Not going to outright say that node.js scripts are the worst thing ever (they're not), but out-of-the-box Python is totally underrated (except on MacOS where `urllib` fails with some opaque errors untill you run some random script to deal with certs)

I haven't had a great experience dealing with JSON in Python, but maybe I'm doing it wrong. What would be the Python equivalent of this JS code?

    JSON.parse(<data>).foo?.[0]?.bar
Basically just return the `bar` field of the the first element of `foo`, or None/undefined if it doesn't exist.
Assuming <data> will be a key-value-object aka dict, it would be something like this:

    import json
    data = json.loads('<data>')
    bar = None
    if foo:=data.get('foo'):
        bar = foo[0].bar    
    print(bar)
    
If you can't be sure to get a dict, another type-check would be necessary. If you read from a file or file-like-object (like sys.stdin), json.load should be used.
I love nodejs, it's my go-to language for server side stuff.

Even with that bias though, I have to admit that it's awful for typical command line script stuff.

Dealing with async and streams and stuff for parsing csv files is miserable (I just wrote some stuff to parse and process hundreds of gigs of files in node, and it wasn't fun).

Python is the right tool for that job IMHO.

Also, weirdly, maybe golang? I just came across this [1] and it has one of my eyebrows cocked.

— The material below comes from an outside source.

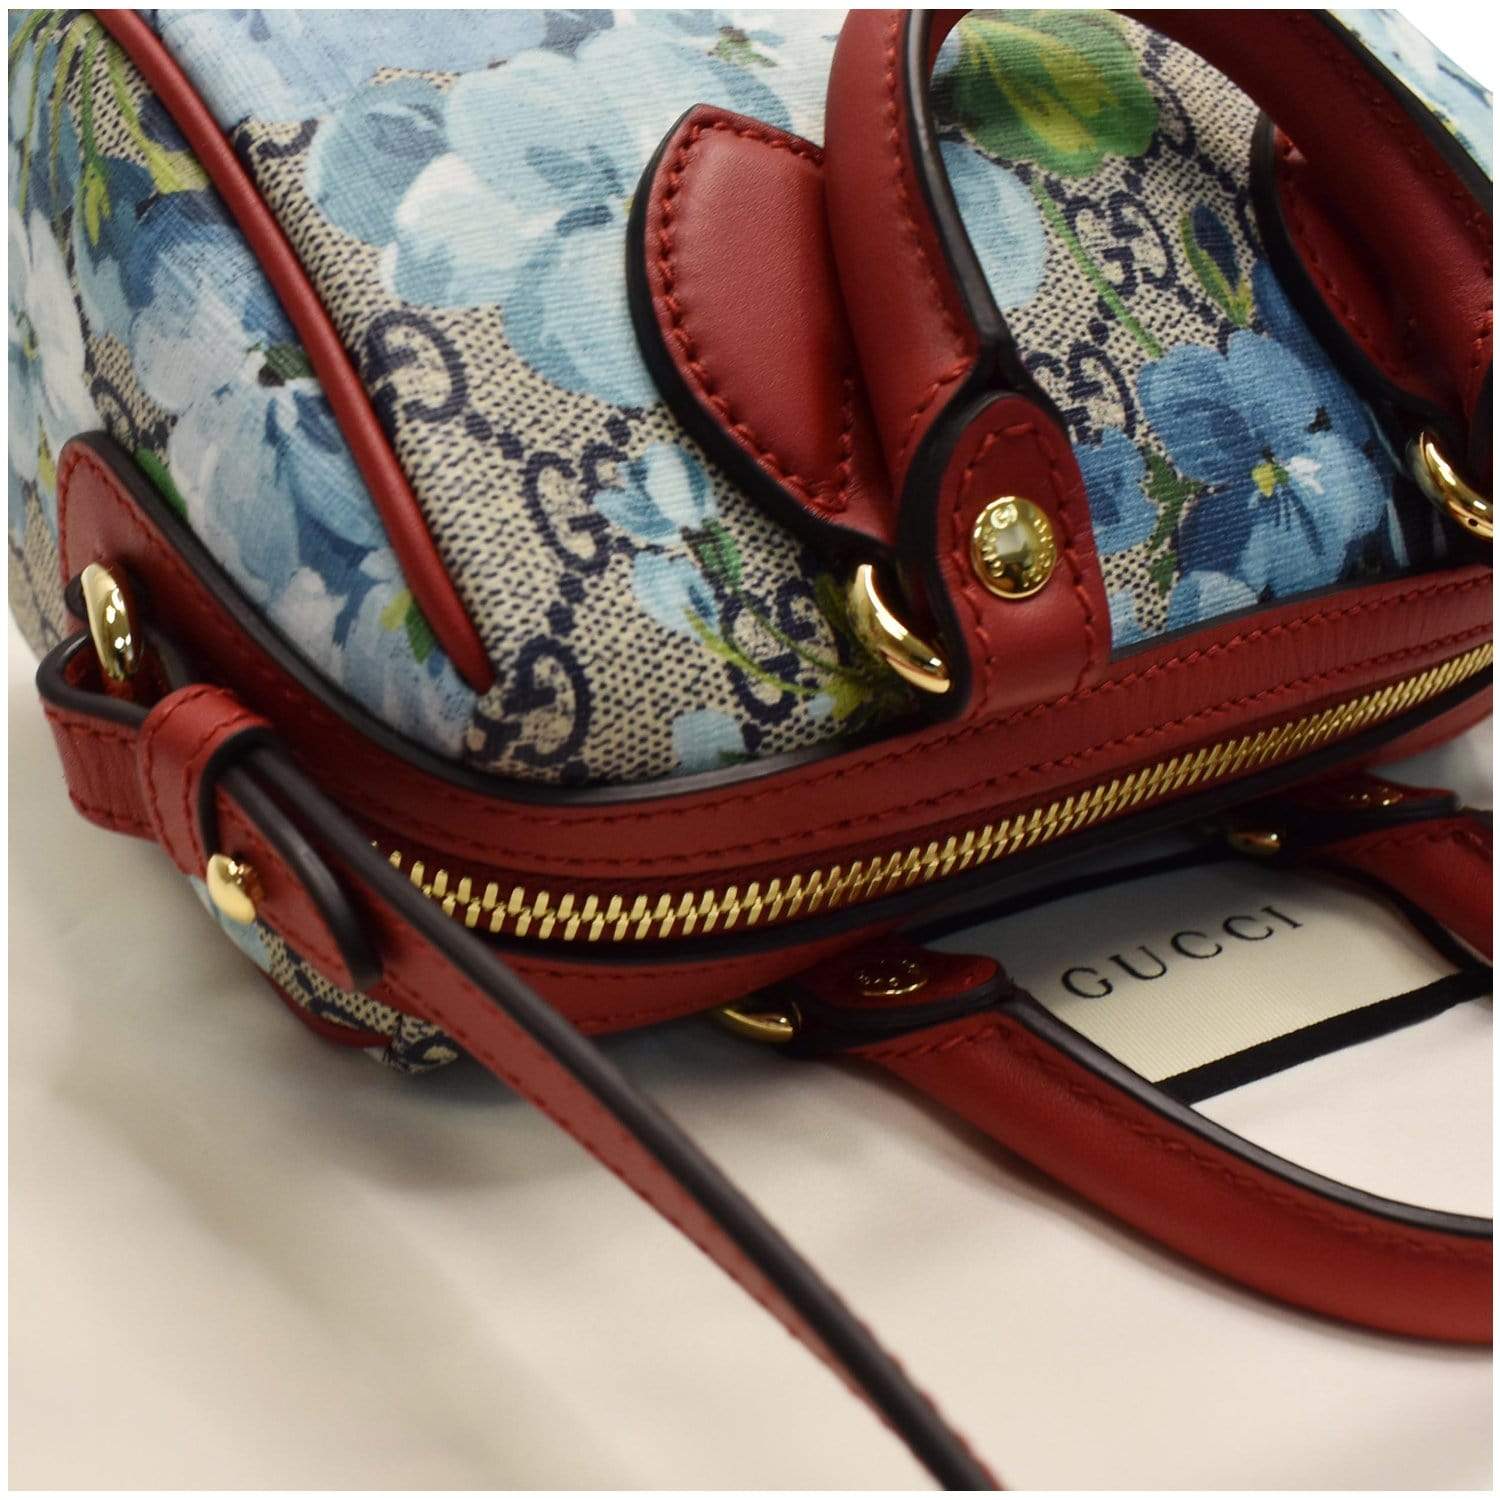 GUCCI Blooms GG Floral Supreme Canvas Leather Satchel Bag Red 546316

[1] https://bitfieldconsulting.com/golang/scripting

Ruby is the clear answer here. The fact that more people don't use it for this purpose (its intended purpose!) is a travesty.
Any not-designed-specifically-for-shell language will suck for shell, more or less. Ruby, python, node, whatever, they all have the same problem - you write stuff too much and care about stuff you shouldn't care while in shell.
You're probably right. I just wish there was an easier way to handle json on the command line that didn't turn into its own dsl. The golang scripting seems interesting, might be what motivates me to learn the language.